◆ Extracted entries ◆
:::

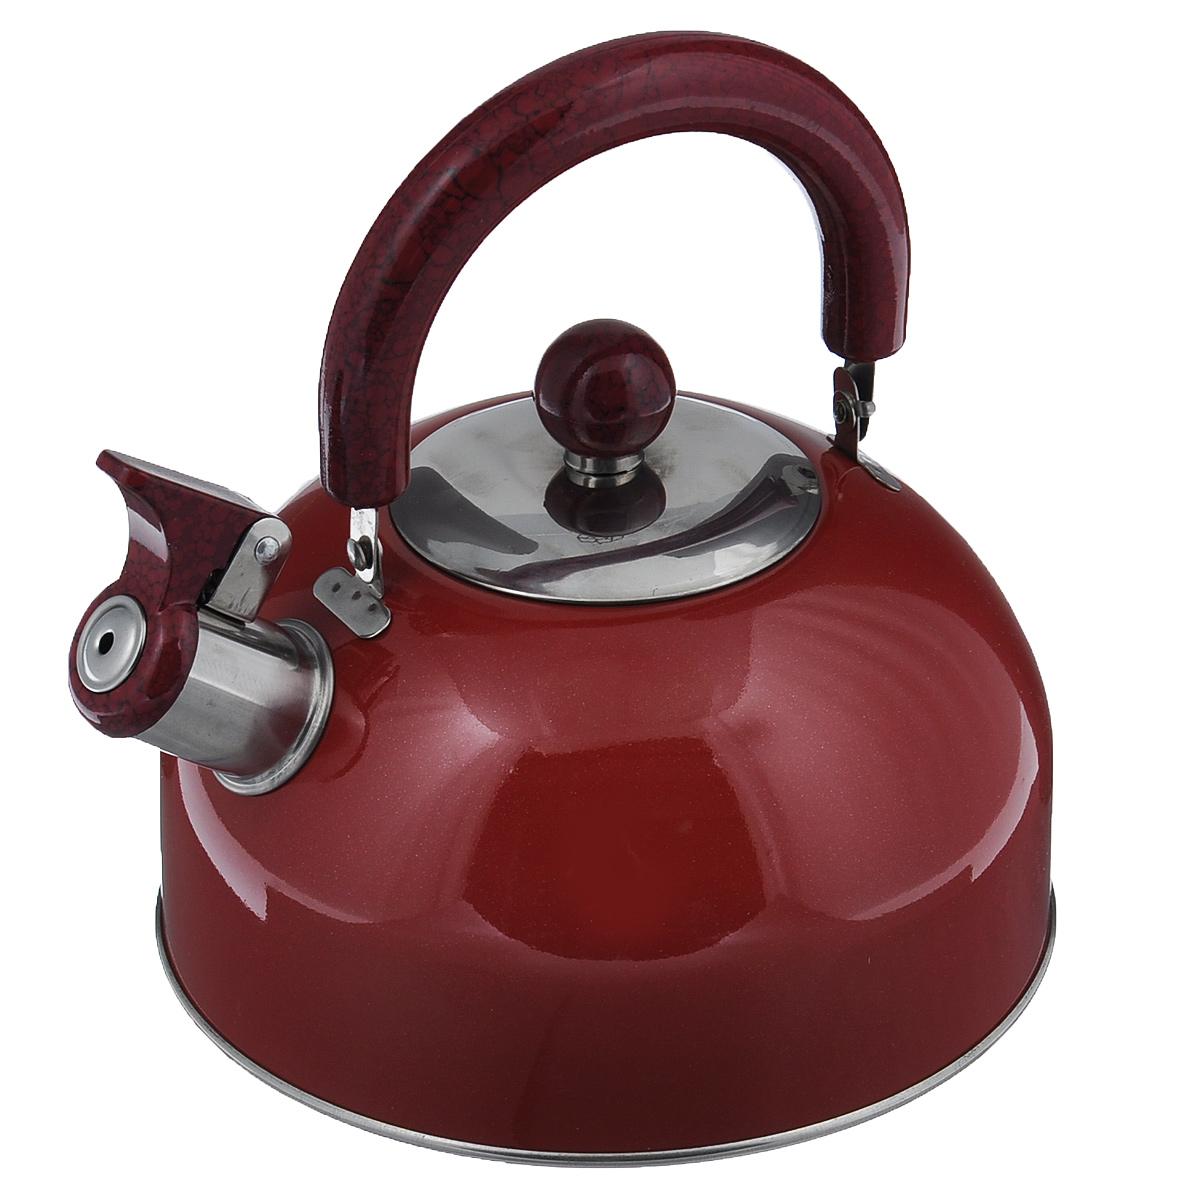 Чайник Mayer & Boch Modern со свистком, цвет: красный, 2 л. МВ-322654 009312Чайник Mayer & Boch Modern изготовлен из высококачественной нержавеющей стали. Гладкая и ровная поверхность существенно облегчает уход. Он оснащен удобной нейлоновой ручкой, которая не нагревается даже при продолжительном периоде нагрева воды. Носик чайника имеет насадку-свисток, что позволит вам контролировать процесс подогрева или кипячения воды. Выполненный из качественных материалов чайник Mayer & Boch Modern при кипячении сохраняет все полезные свойства воды. Чайник пригоден для использования на всех типах плит, кроме индукционных. Можно мыть в посудомоечной машине.Диаметр чайника по верхнему краю: 8,5 см.Диаметр основания: 19 см.Высота чайника (без учета ручки и крышки): 10 см.УВАЖАЕМЫЕ КЛИЕНТЫ!Обращаем ваше внимание на тот факт, что указан максимальный объем чайника с учетом полного наполнения до кромки. Объем чайника с учетом наполнения до уровня носика составляет 1,5 литра.
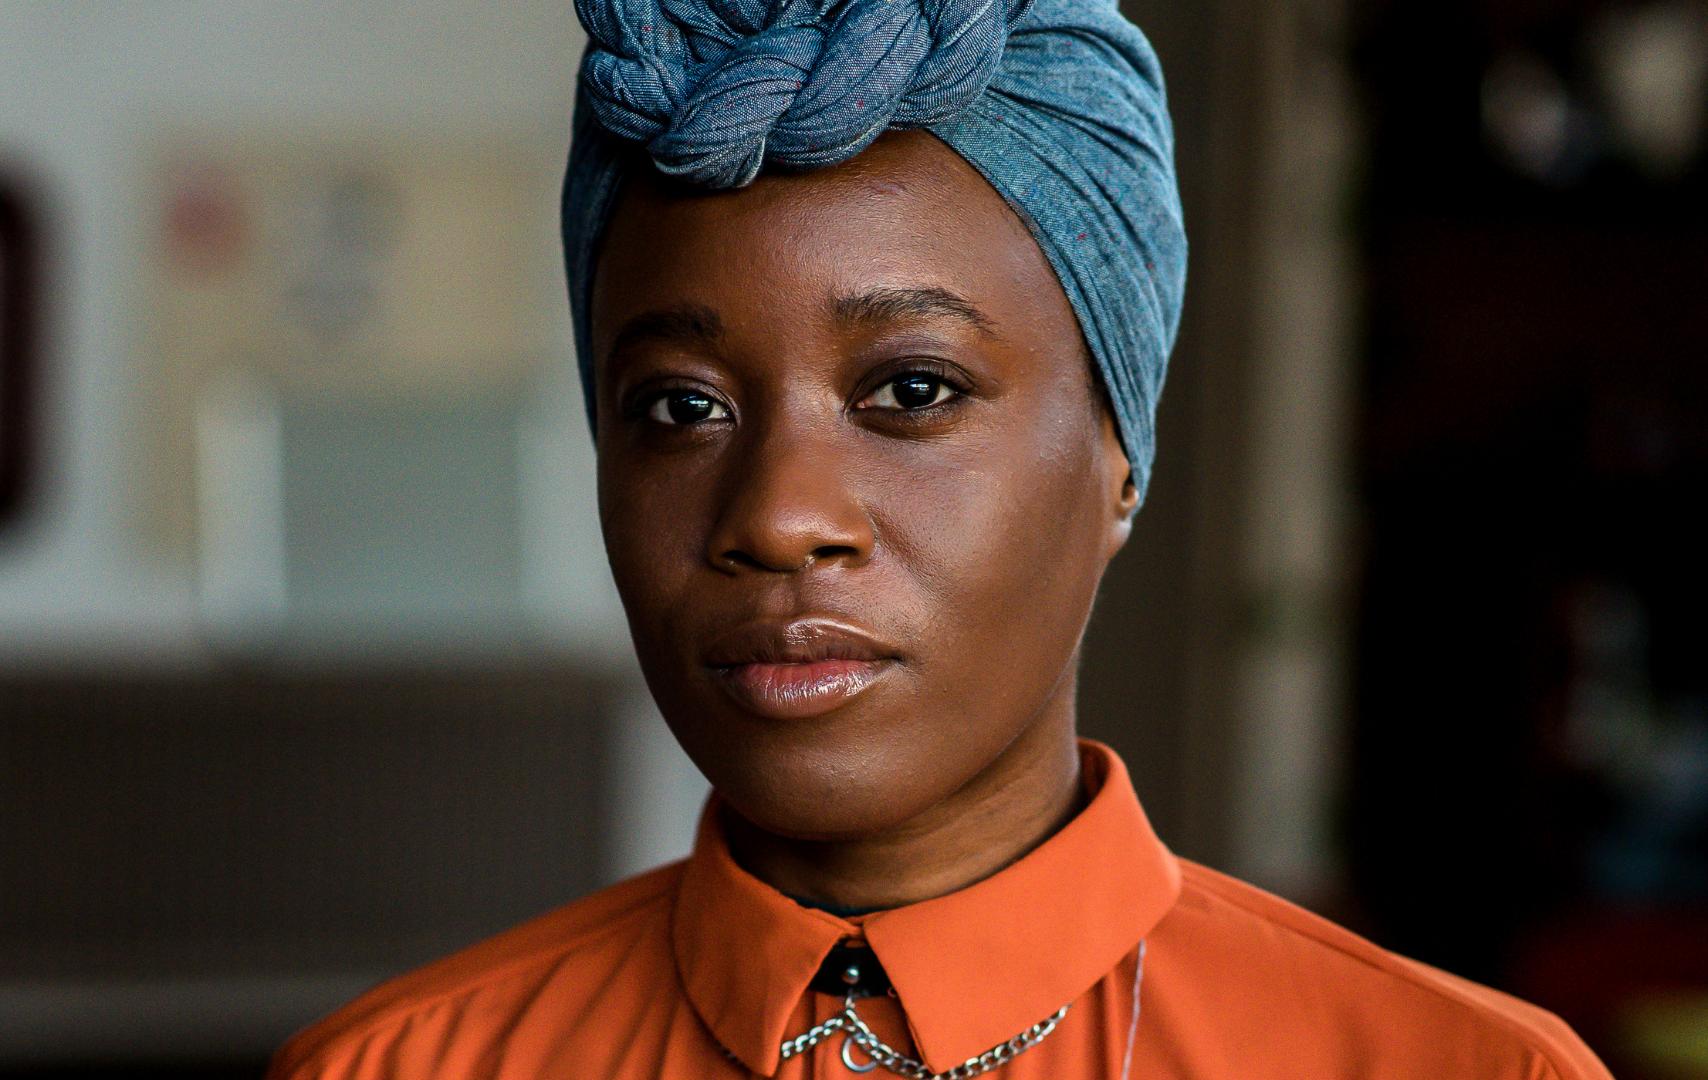 Portretfoto van Michantely de Jong. Een zwarte vrouw met een blauwe hoofddoek op. Ze draagt een oranje blouse.
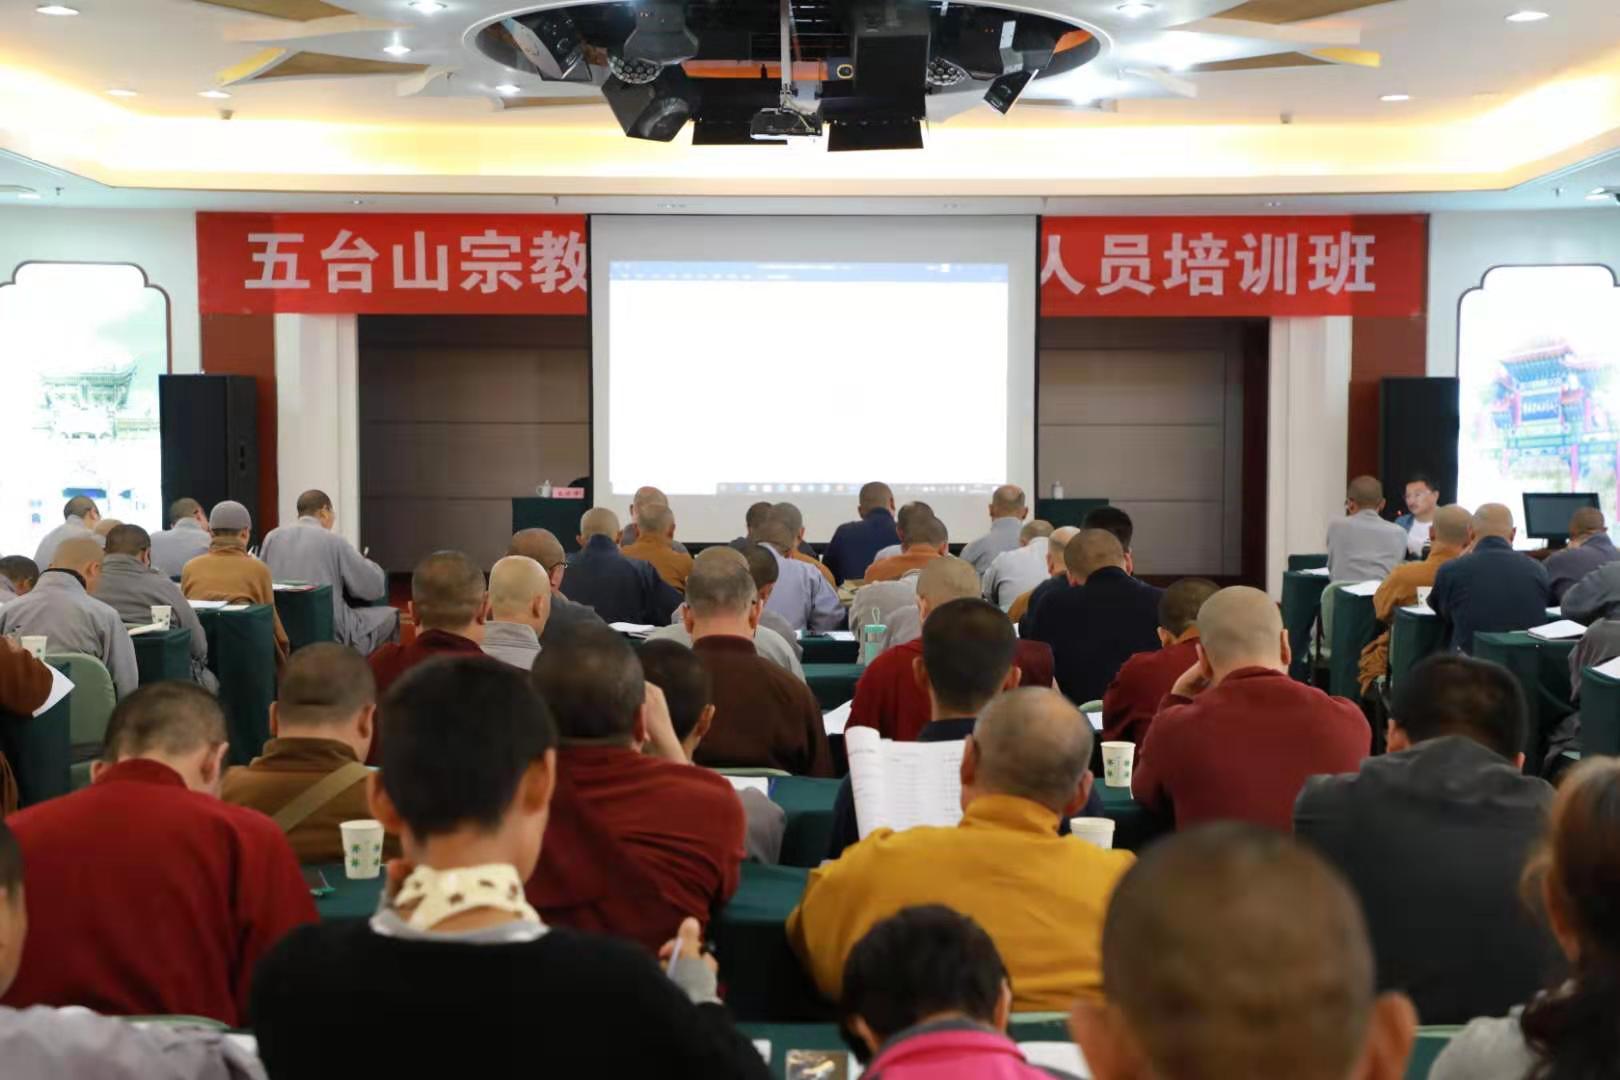 五台山举办宗教活动场所财务管理培训班
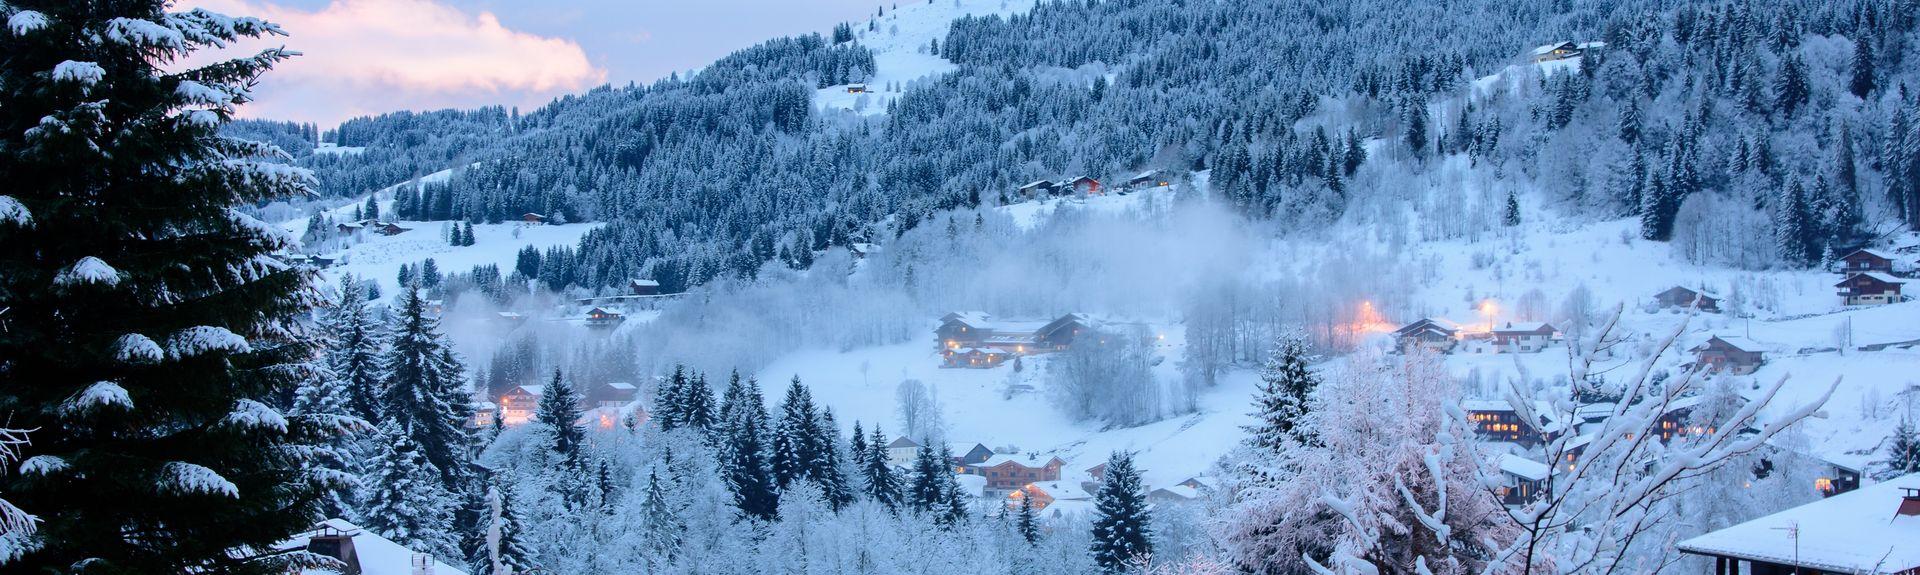 Les Gets, Haute-Savoie (department), France
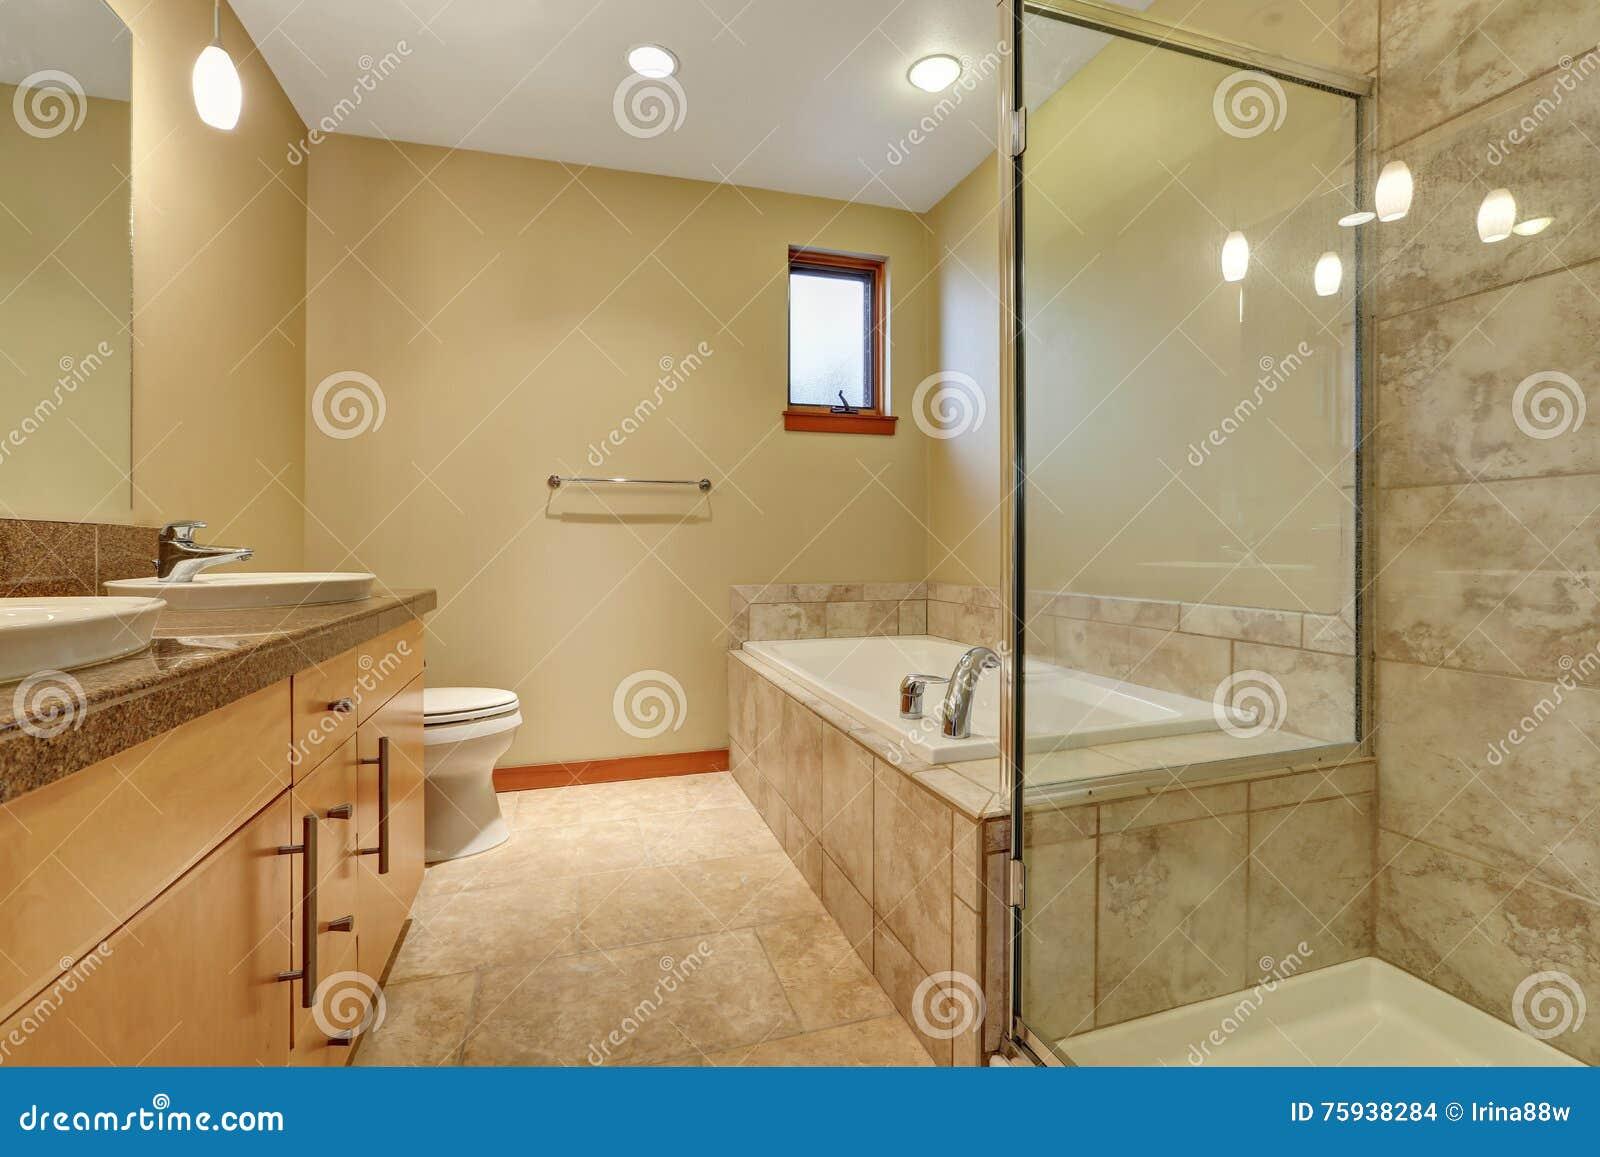 Ripiano bagno finest tougmoo sala da bagno in ottone antico ripiano bagno ripiano con tazza di - Tazza del bagno ...
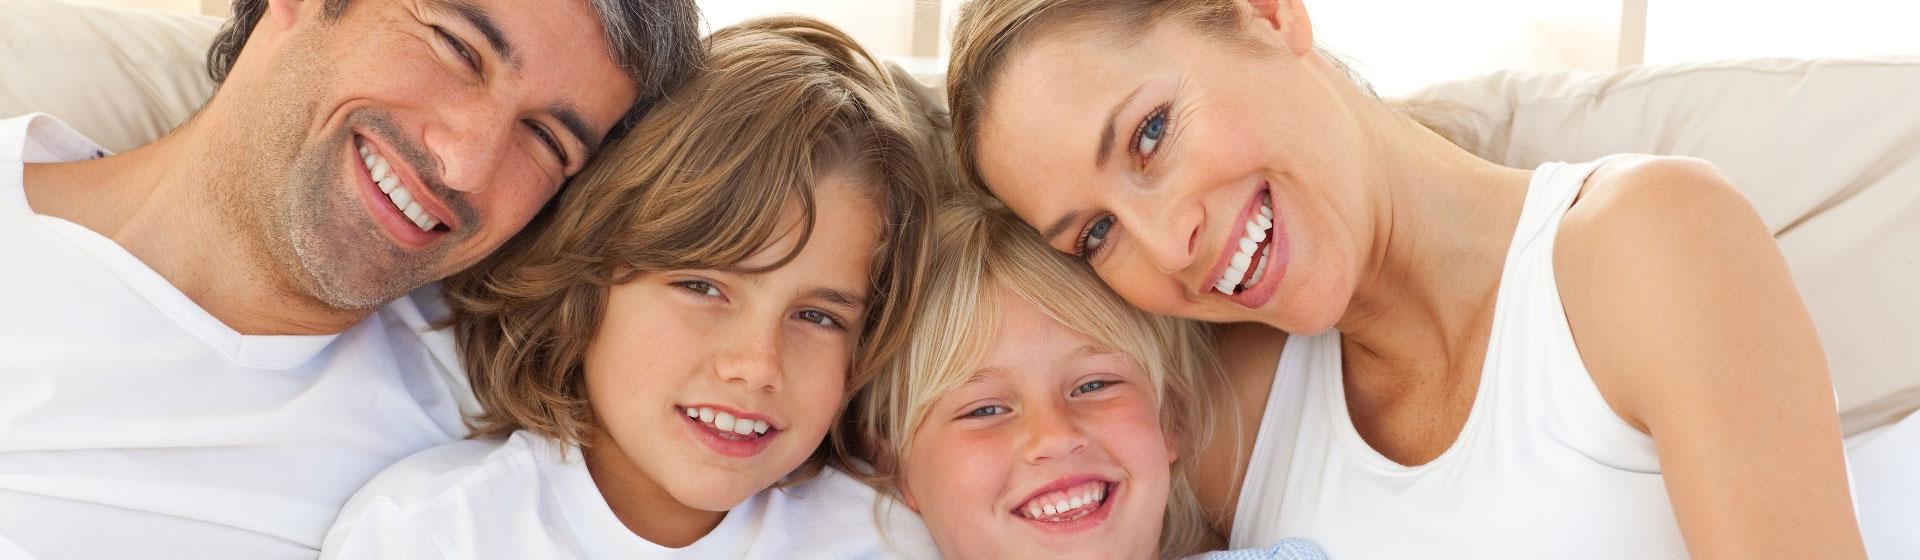 Antifurto casa » Proteggi la tua casa con Milanosicurezza

:::

◆ Exercise ◆
Please copy exactly the lines from the one containing "五台山举办宗教活动场所财务管理培训班" through the last line of the records, both ends included, and leave out any pictures.

◆ Result of the task ◆
 五台山举办宗教活动场所财务管理培训班
 Les Gets, Haute-Savoie (department), France
 Ripiano bagno finest tougmoo sala da bagno in ottone antico ripiano bagno ripiano con tazza di - Tazza del bagno ...
 Antifurto casa » Proteggi la tua casa con Milanosicurezza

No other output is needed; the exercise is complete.